0.1 (wasted on fucking you)
13 июня 2017 г., 13:50
по правде говоря, чонгук и сам не до конца понимал, как это дерьмо началось и насколько сильно порой накрывало, точно с головой и совершенно без тормозов.
юнджи в его жизни появилась маленьким смертоносным ураганом и снесла своим сладковато-пряным запахом к чертям все установленные чонгуком барьеры и рамки, совсем того не осознавая, а возможно, делая это совершенно нарочно. чонгук так и не обнаружил той самой точки невозврата, но факт остается фактом — его жизнь медленно, но верно дробилась в угольную пыль.
так или иначе, бог свидетель, чонгук сопротивлялся.

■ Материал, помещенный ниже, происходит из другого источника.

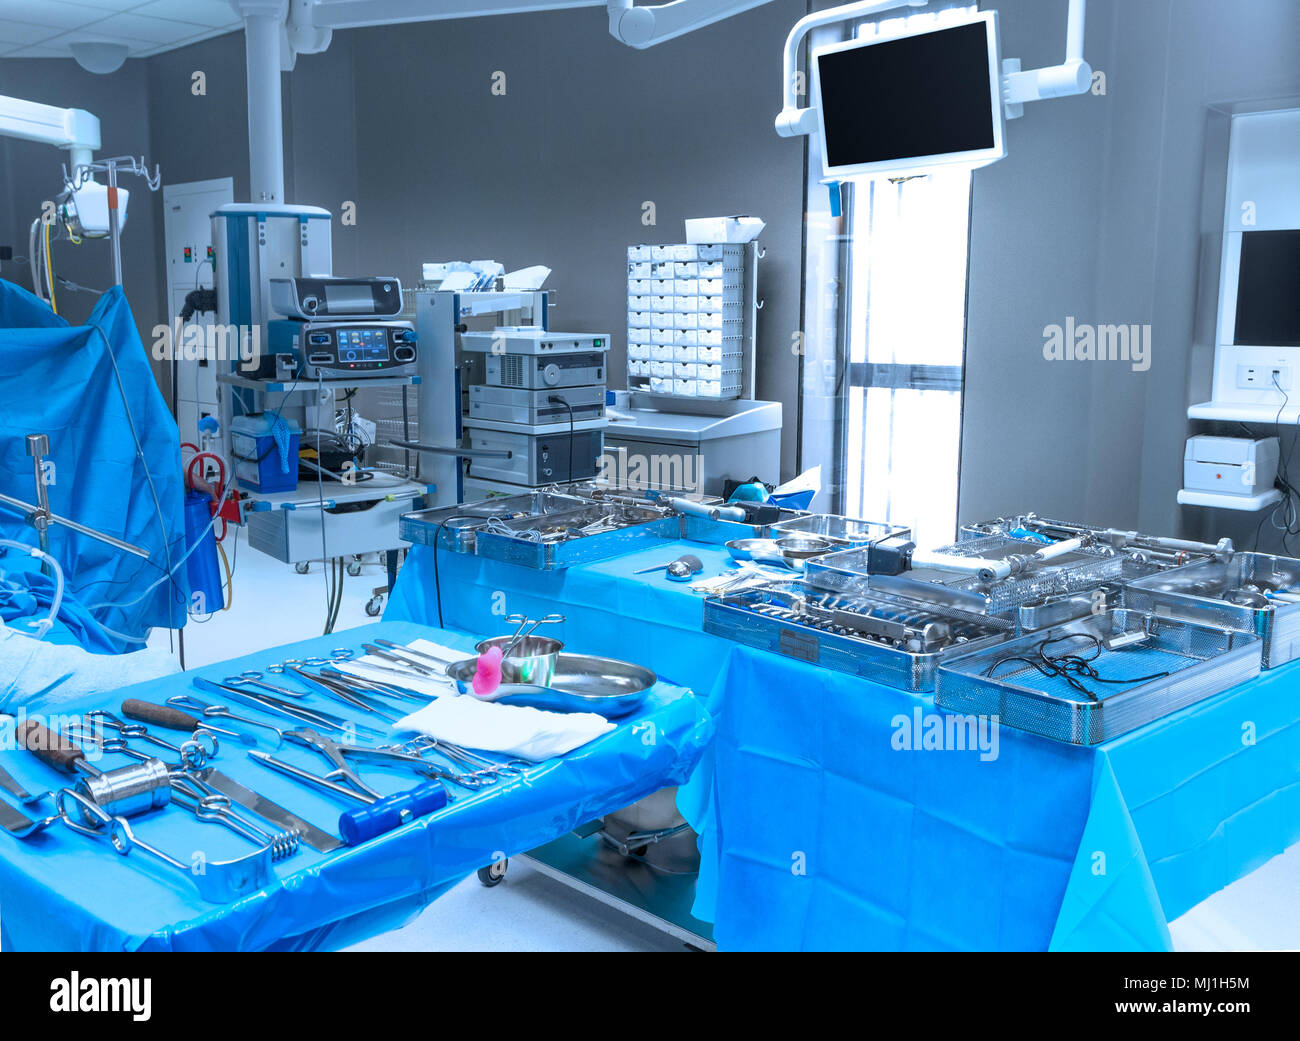 Les équipements hospitaliers et médicaux périphériques dans une salle d'opération moderne. Banque D'Images

он, сколько себя помнил, всегда слепо тянулся за старшим братом, воспринимая и вознося его как единственно правильный идеал, уверовав в него как в отца, создателя и всевышнего. раболепно восхваляя перед друзьями и ничуть не смущаясь собственного обожания как недостатка. чонгук не был особо умным малым, но и дураком тоже не был — развивался как мог, пусть и подтягиваясь по следам брата тяжким ненужным балластом. хосок всегда был слишком — умным, сообразительным, общительным, привлекательным, и чонгуку совсем не делалось больно оттого, что за ярким и практически слепящим хосоком окружение едва замечало маленькую тонкую тень младшего, скрывающего за молчаливостью собственную недостойность. чонгука не напрягало. хосок — огромный молодец, успешно окончил школу, затем и академию, а к своим неполным двадцати трем и вовсе вместе со своим закадычным дружищем пак чимином сумел открыть танцевальную студию. чонгука не коробило, хосок был человеком, но чонгук любил его как бога, иногда неправильно и, наверное, чересчур. отдергиваться не хотел, да и не был намерен. с какого момента переменные сместились, осознать так и не смог.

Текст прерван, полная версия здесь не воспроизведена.